Monday, December 28, 2009

Phoenix's "best Maine writers" of the decade

It's been a few months since we heard from the Department of Vulgar Self-Promotion, so I'm hoping readers will excuse the following:

The Portland Phoenix (the alternative weekly hereabouts) just published their last issue of the Noughties, which features a piece on the "best Maine writers of the past ten years." It includes "local demigods" (Stephen King, Carolyn Chute, Phillip Hoose, Betsy Sholl), seasonal residents (e.g. Richard Ford) and "Young Lions," including yours truly. Here's their plug (with my own hyperlink enhancements):

"In non-fiction territory, COLIN WOODARD's exhaustively researched The Lobster Coast: Rebels, Rusticators & the Struggle for a Forgotten Frontier (2004) presents a new local history that's edifying and, necessarily, both reverent and indignant. A similarly compelling unearthing, The Republic of Pirates, followed in 2007."

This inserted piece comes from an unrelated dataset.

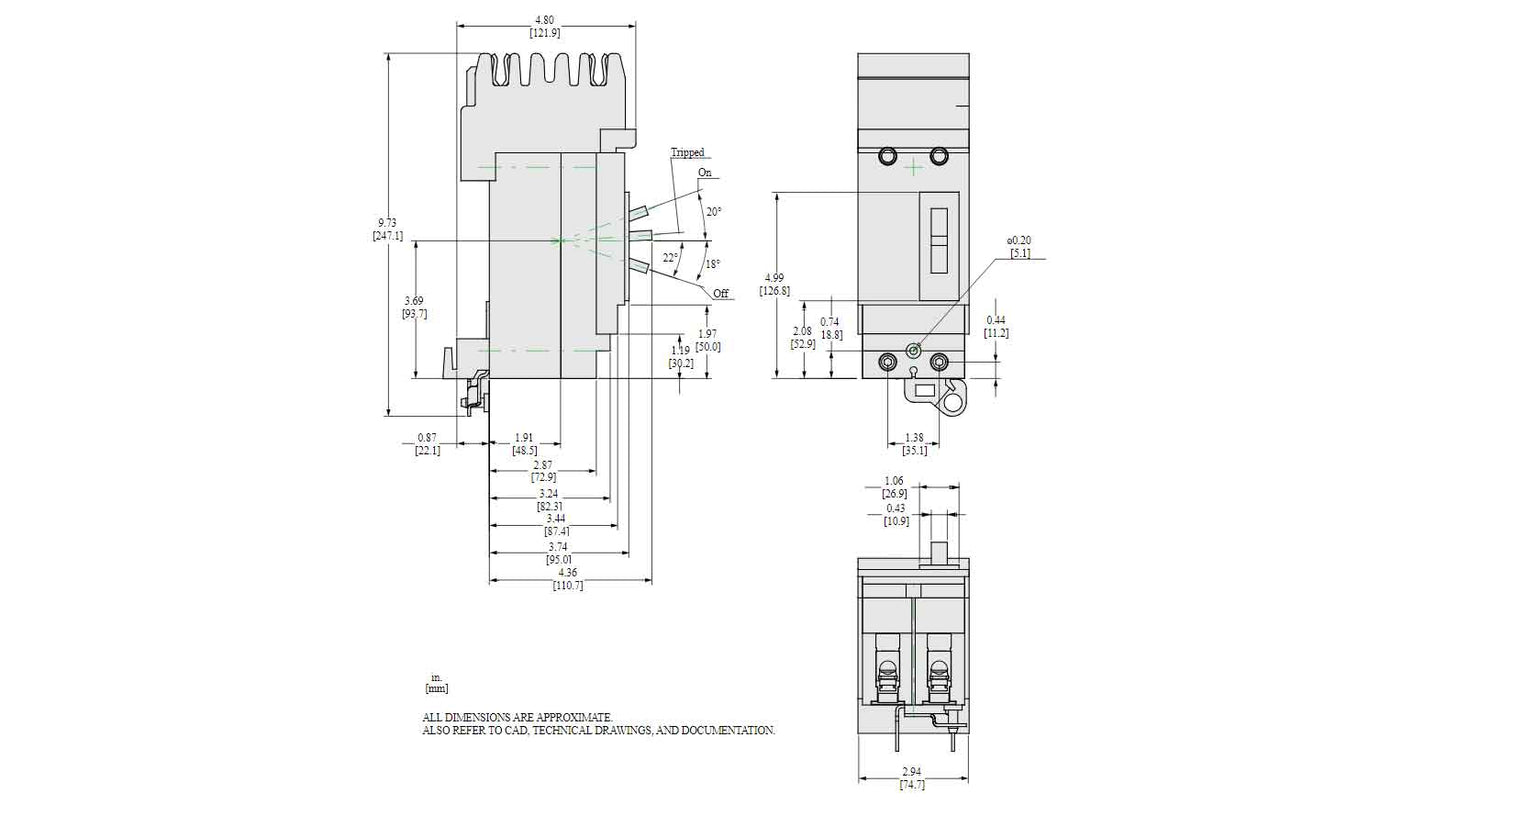 HGA260252 - Square D - Molded Case Circuit Breakers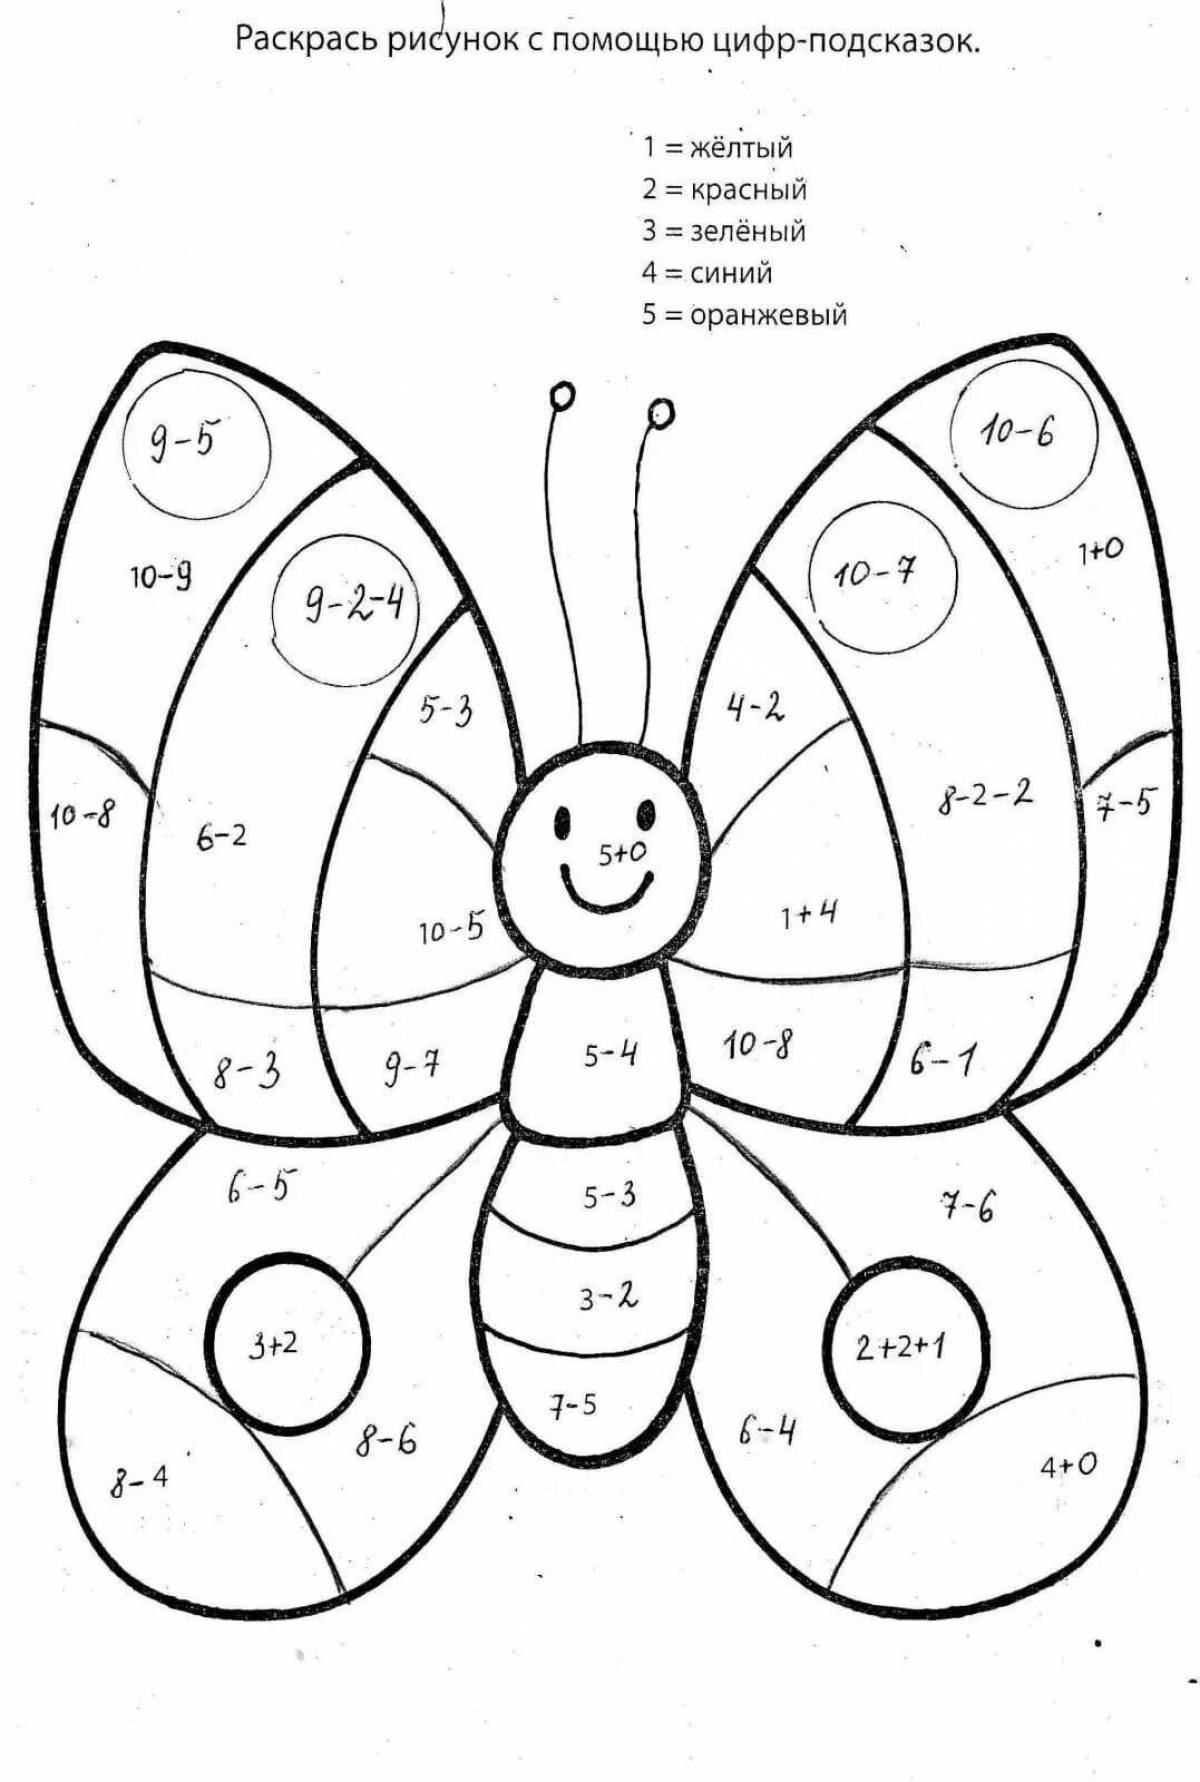 A fun math coloring book for preschoolers

It's wonderful to be included in such a round-up, but even better to make the Young Lions department at age 41. It's a pleasant reminder that when the Noughties started on January 1, 2000, I was still four months away from publishing my first book, Ocean's End, and a full year from getting the initial idea for Lobster Coast. (This came to me in an epiphany while shaving in a Reykjavik pension, strangely enough.) Middle age still seemed far, far away.

Now the troubles of the world are on my shoulders.... not least that I will have to compete with the Demigods to make the list in December 2019!